When you restate the data, keep every word as it is and drop the images.

Data below →
⁂
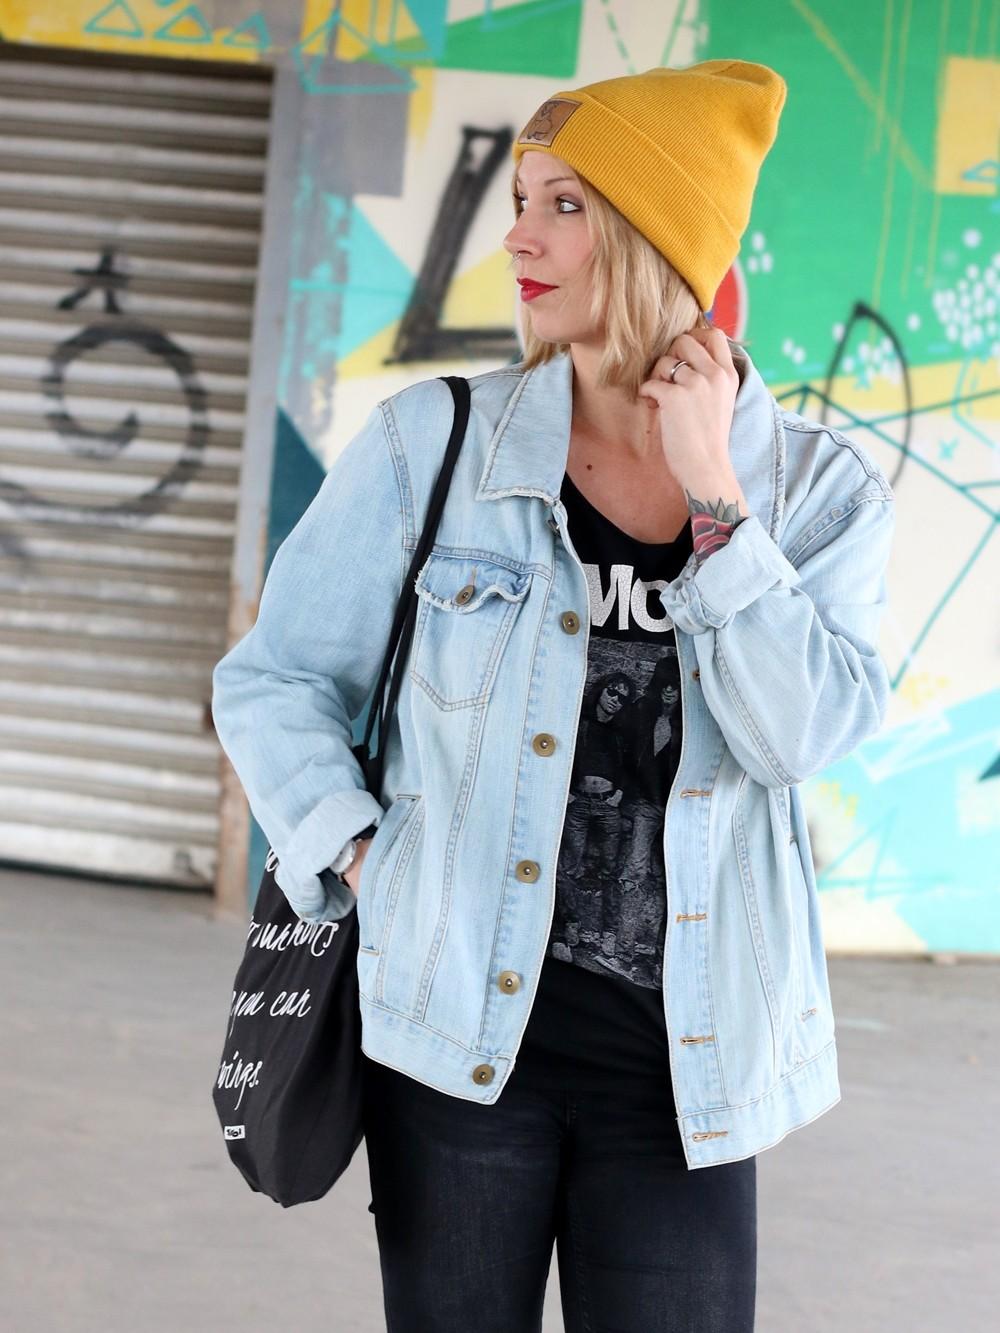 Fahionblogger Outfit Vans Disney Jeansjacke Beanie Fuchs Weebit (4)
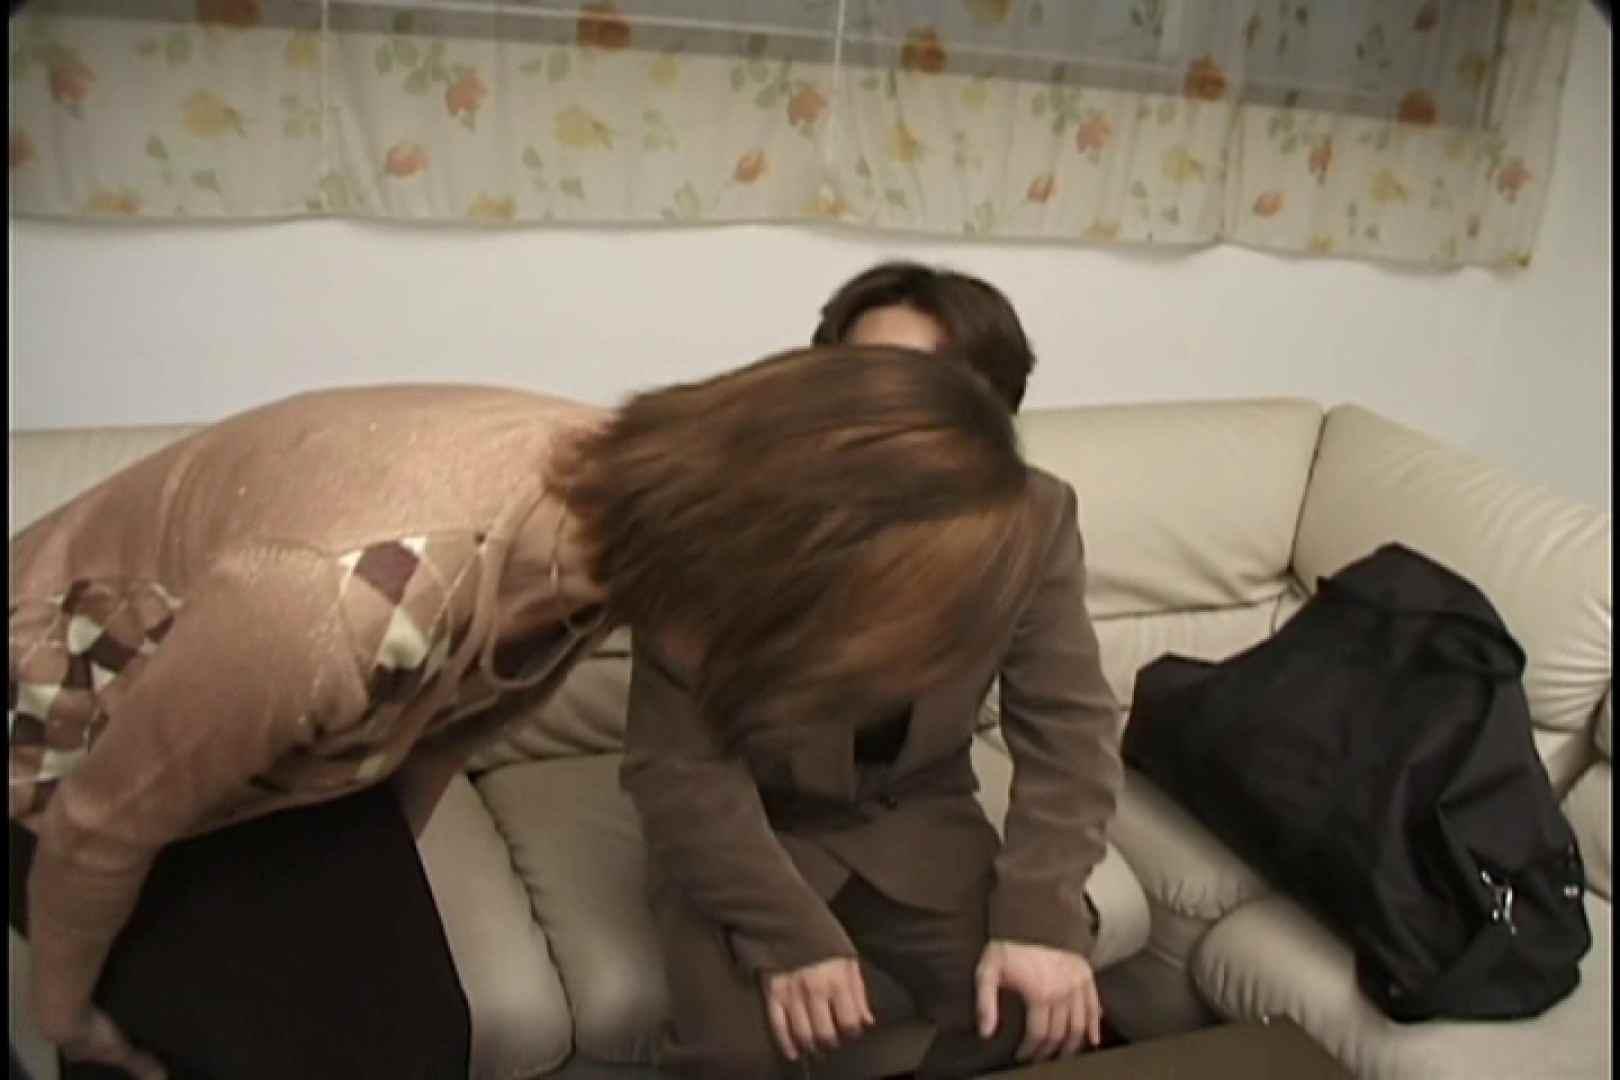 昼間の奥様は欲求不満 ~石川麻紀~ 熟女  69枚 6
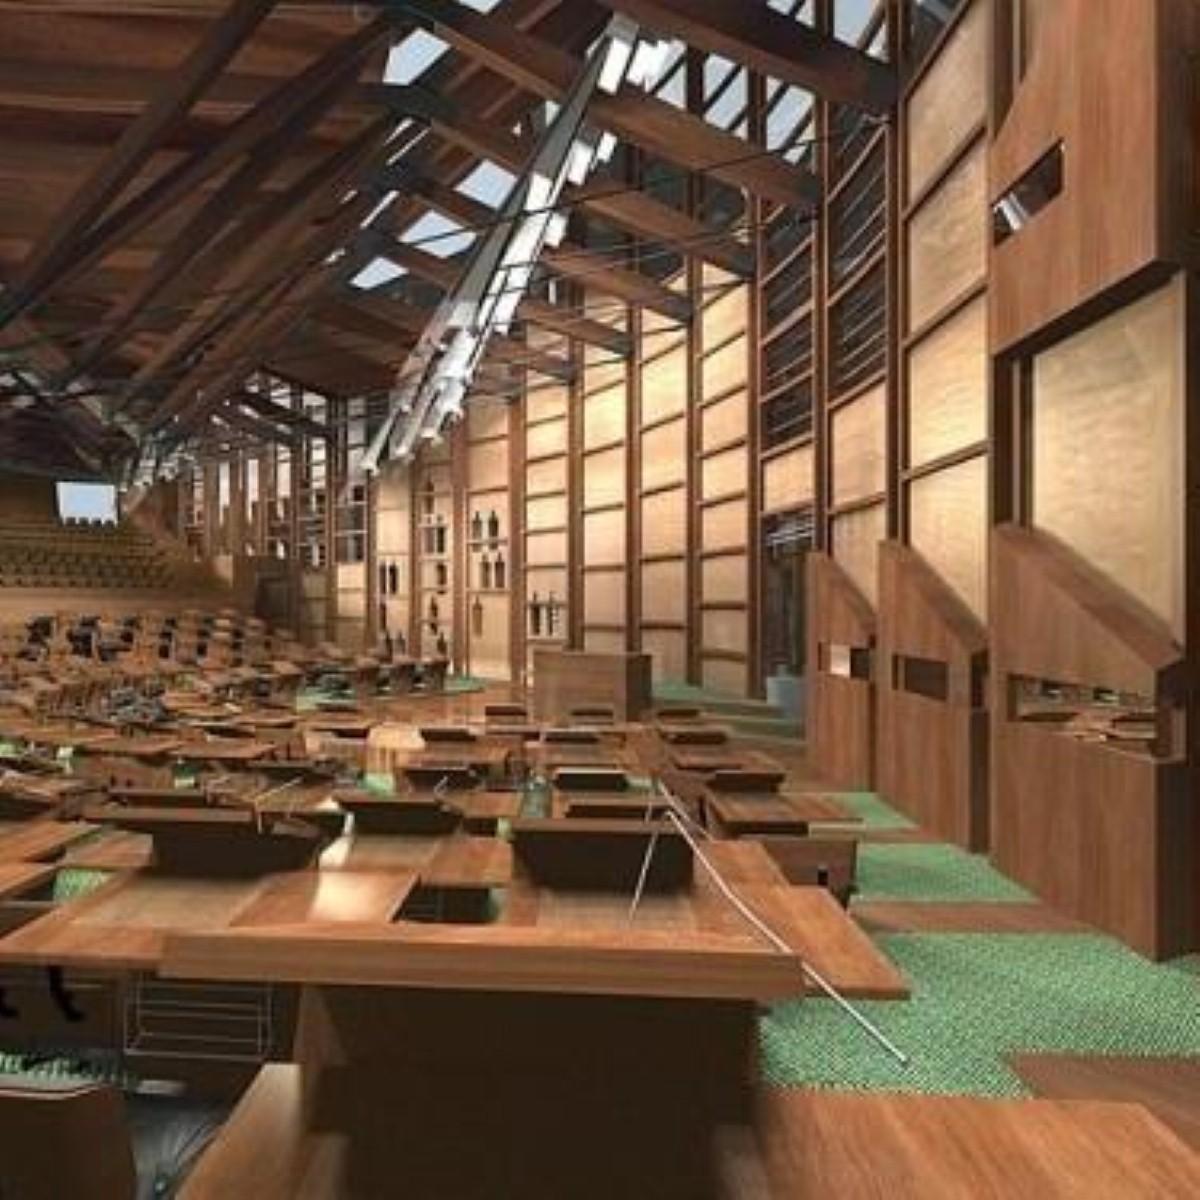 The Scottish parliament debating chamber
⁂
Reply →
 Fahionblogger Outfit Vans Disney Jeansjacke Beanie Fuchs Weebit (4)
 昼間の奥様は欲求不満 ~石川麻紀~ 熟女  69枚 6
 The Scottish parliament debating chamber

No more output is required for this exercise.